My own mother is going through something of a hard time, and I’m trying to be her cheerleader. My constant thoughts of her plus Maxim’s admission of baby longing made me think about what we are when we mother.
This song has been chasing me around for months now,
and it is wrecking me, wrecking me, wrecking me. Mary stays behind and cleans up the place.
I am about to mother my father into the grave; I can tell because he is making peace with things that I thought he’d outrun or abandoned. He refuses to make plans. He tells me freely of the things that he has staunchly decided not to worry himself with any longer. He smiles while he tells me all these things, earnest. Still, he is afraid.
I am about to be the mother of someone who is halfway around the world being a man but who is still –somewhere in time– floating under my ribs as I coo to him, promising him future and love and arms that will always embrace him. I’ll will my ribcage around him when men who don’t consider my oh-so-painful love for him have their rifles and their hatred trained at him. I will rock and snot all over myself deep into many sleepless nights while I wish a vacuum around him where bullets are not even a thing, much less a danger to my boy’s heart, the one I carried in my own before it even had fancy trappings like chambers or valves or beats.
Today, unfathomably and up out of nowhere, I am a human being in a vast amount of pain and in need of mothering myself.
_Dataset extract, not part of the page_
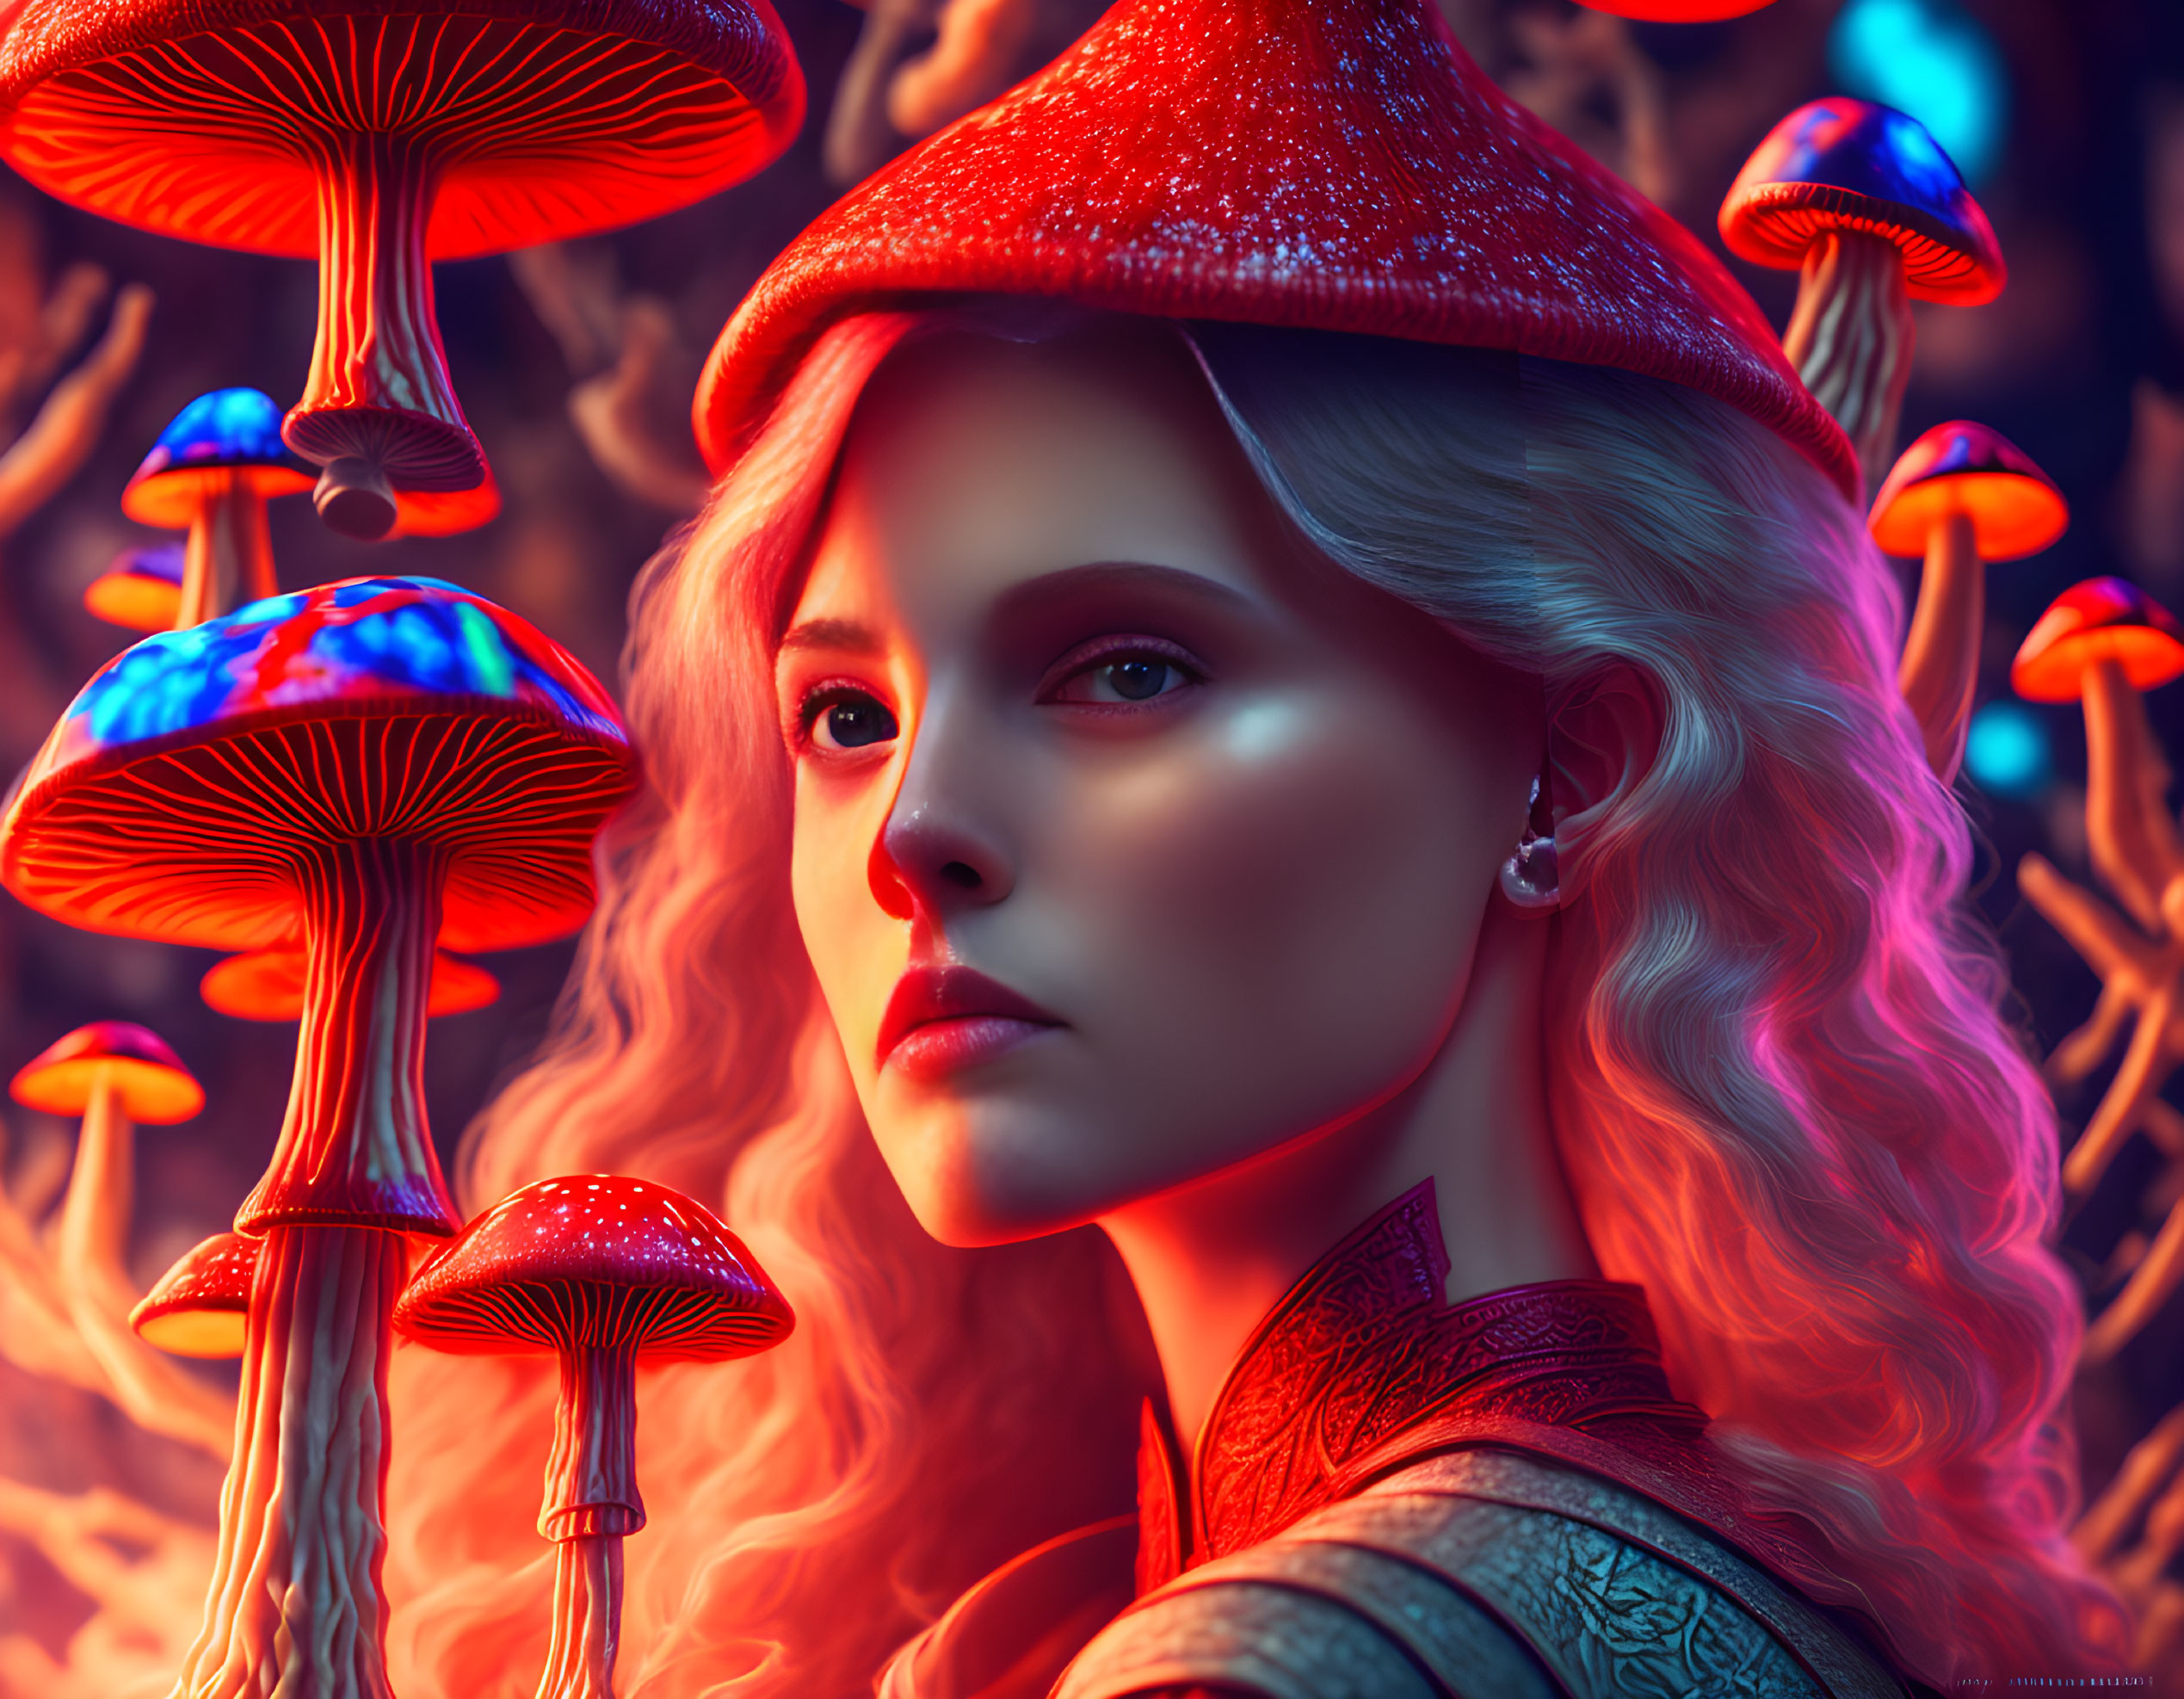 Digital artwork: Glowing woman with neon mushrooms in enchanted forest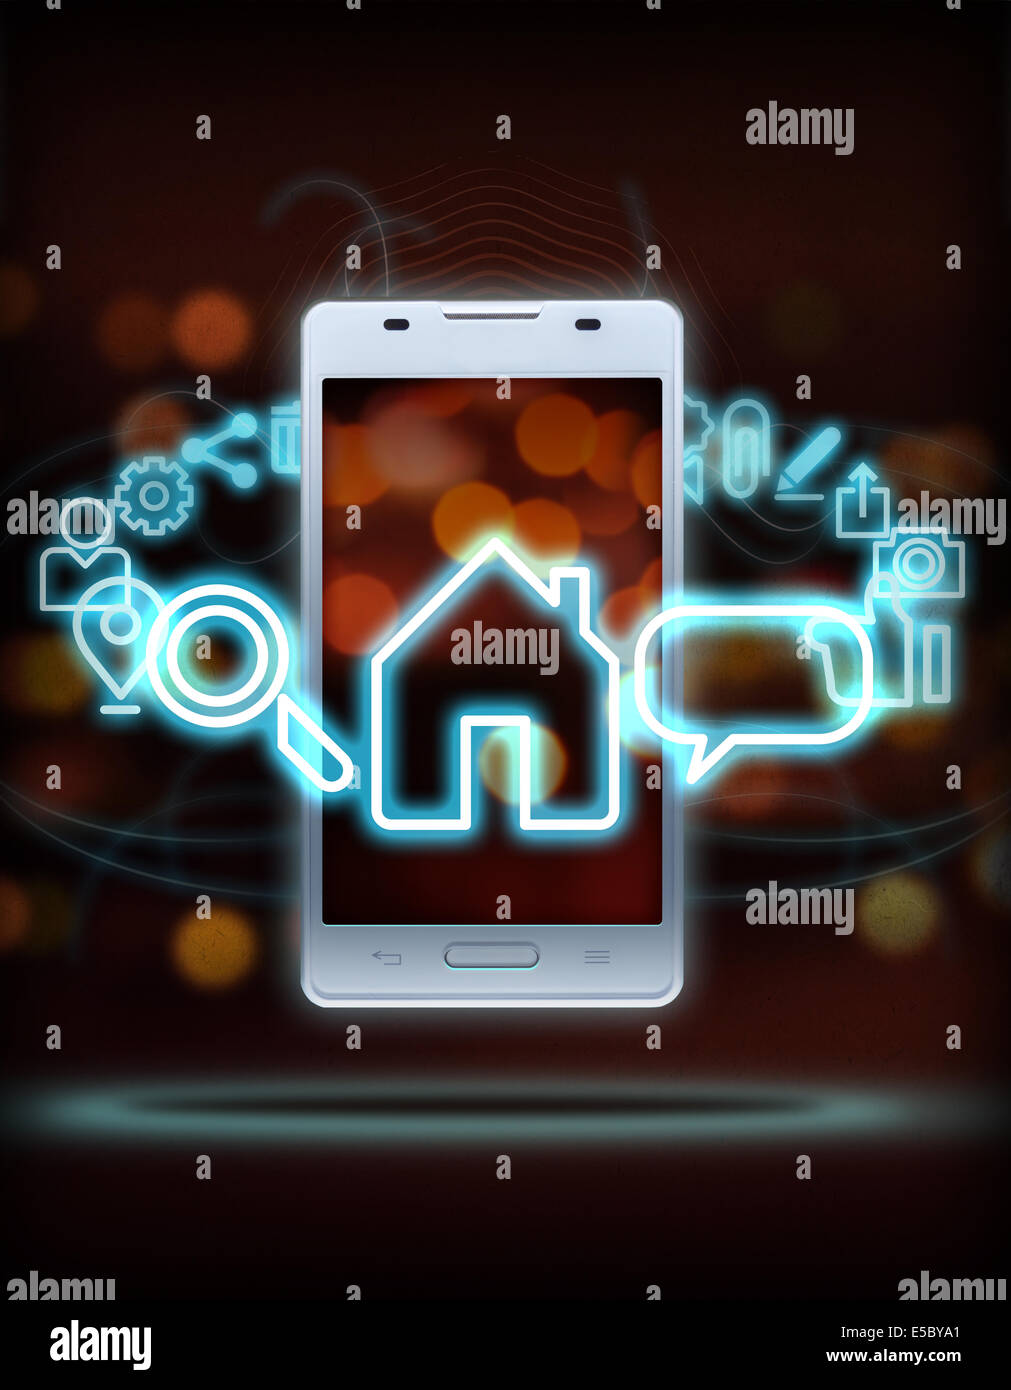 Illustration of various mobile applications rotating around smart phone over colored background Stock Photo

Tomorrow I may have a taste for lemonade and the mouth that comes away from the glass might be smiling, smiling, inviting you in, “Hello! I’ve missed you. Please come sit by me. Can I offer you some refreshment? Some peace? Some understanding or commiseration?
“I’m so glad you’re back. I miss you when you are away.” Tomorrow I may be mothering you.
Tell me something about you as a mom. It has to be private and it has to be liberating. I won’t judge you, and I will tear a strip off of anyone who tries to. Momming is hard, man. All we come equipped to do it with are these puny arms and these ache-prone innards, and that makes me proud of us for showing up, even.
If you’re not a mom in the technical sense, I want you in the fray, too. Tell me about your mother. When we take time to ponder them, they engender SUCH a profundity of emotion in us. Today I am sitting in that emotion and it’s surrounding me on all sides. It’s terrible. It’s transformative. The latter makes the former bearable.